Let's slap ENCODE around some more

Since we still have someone arguing poorly for the virtues of the ENCODE project, I thought it might be worthwhile to go straight to the source and and cite an ENCODE project paper, Defining functional DNA elements in the human genome. It is a bizarre thing that actually makes the case for rejecting the idea of high degrees of functionality, which is a good approach, since it demonstrates that they've at least seen the arguments against them. But then it sails blithely past those objections to basically declare that we should just ignore the evolutionary evidence.

Here's the paragraph where they discuss the idea that most of the genome is non-functional.

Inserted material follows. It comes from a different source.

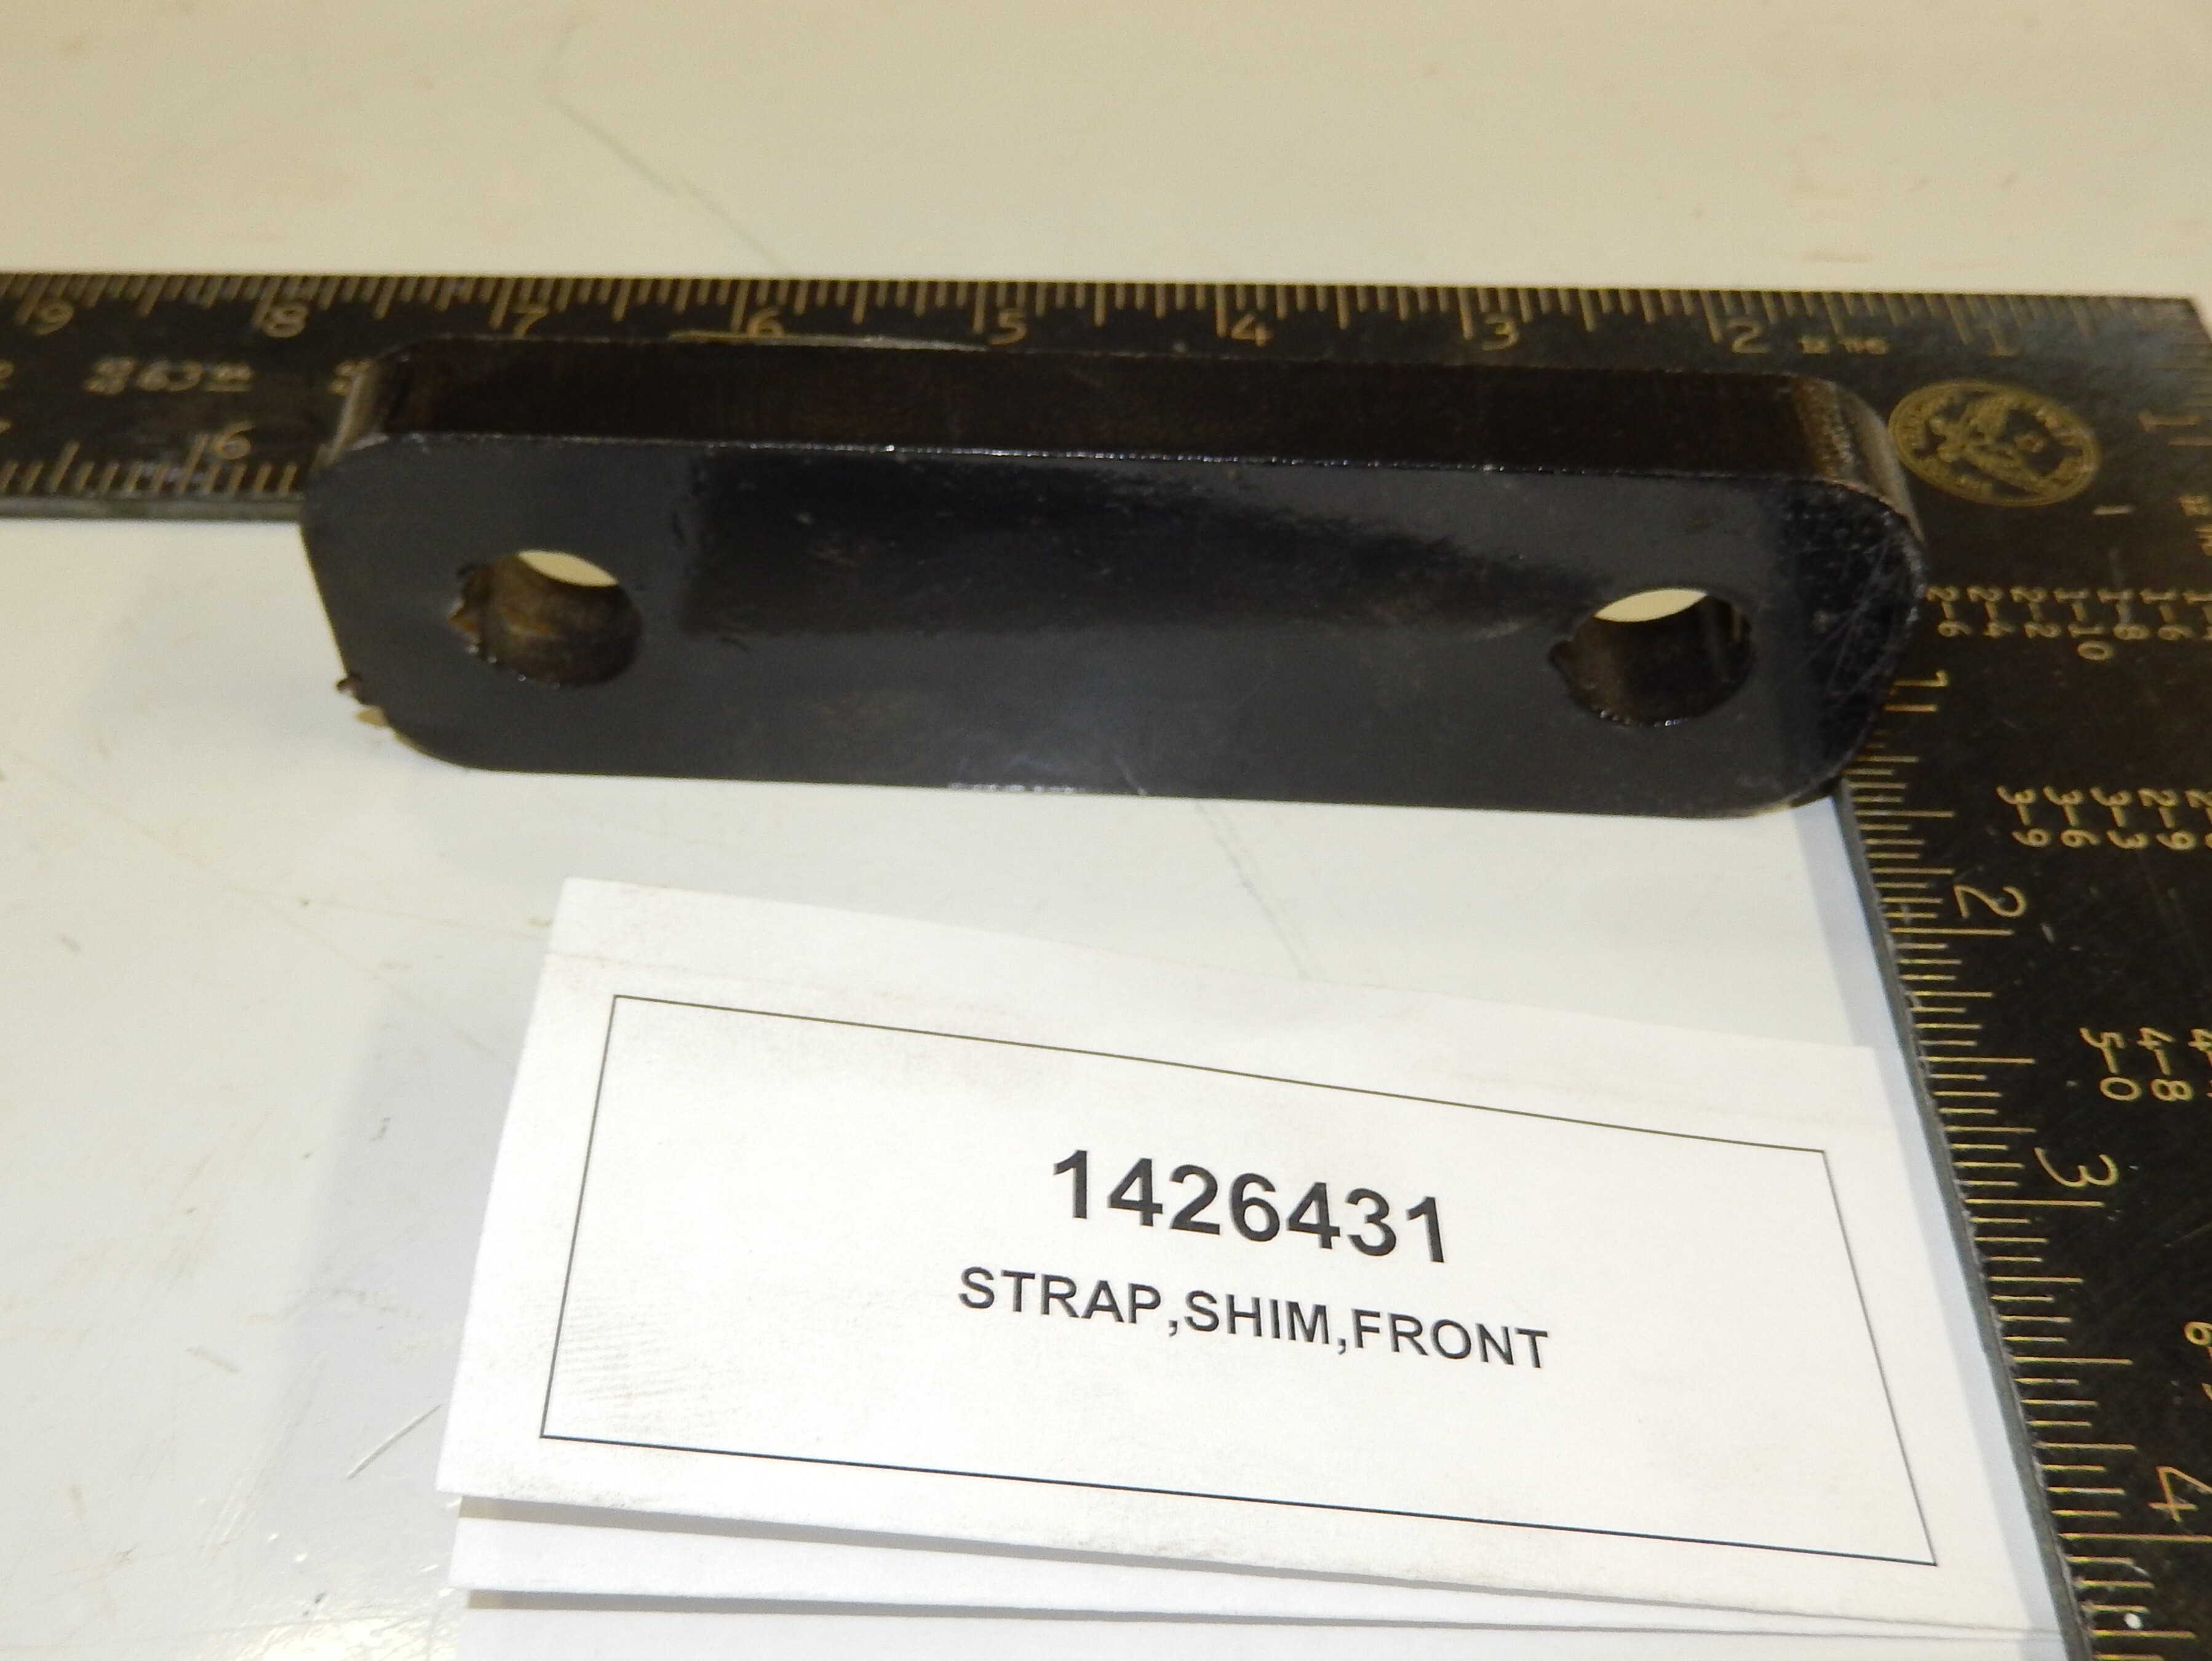 STRAP,SHIM,FRONT

Case for Abundant Junk DNA. The possibility that much of a complex genome could be nonfunctional was raised decades ago. The C-value paradox refers to the observation that genome size does not correlate with perceived organismal complexity and that even closely related species can have vastly different genome sizes. The estimated mutation rate in protein-coding genes suggested that only up to ∼20% of the nucleotides in the human genome can be selectively maintained, as the mutational burden would be otherwise too large. The term “junk DNA” was coined to refer to the majority of the rest of the genome, which represent segments of neutrally evolving DNA. More recent work in population genetics has further developed this idea by emphasizing how the low effective population size of large-bodied eukaryotes leads to less efficient natural selection, permitting proliferation of transposable elements and other neutrally evolving DNA. If repetitive DNA elements could be equated with nonfunctional DNA, then one would surmise that the human genome contains vast nonfunctional regions because nearly 50% of nucleotides in the human genome are readily recognizable as repeat elements, often of high degeneracy. Moreover, comparative genomics studies have found that only 5% of mammalian genomes are under strong evolutionary constraint across multiple species (e.g., human, mouse, and dog).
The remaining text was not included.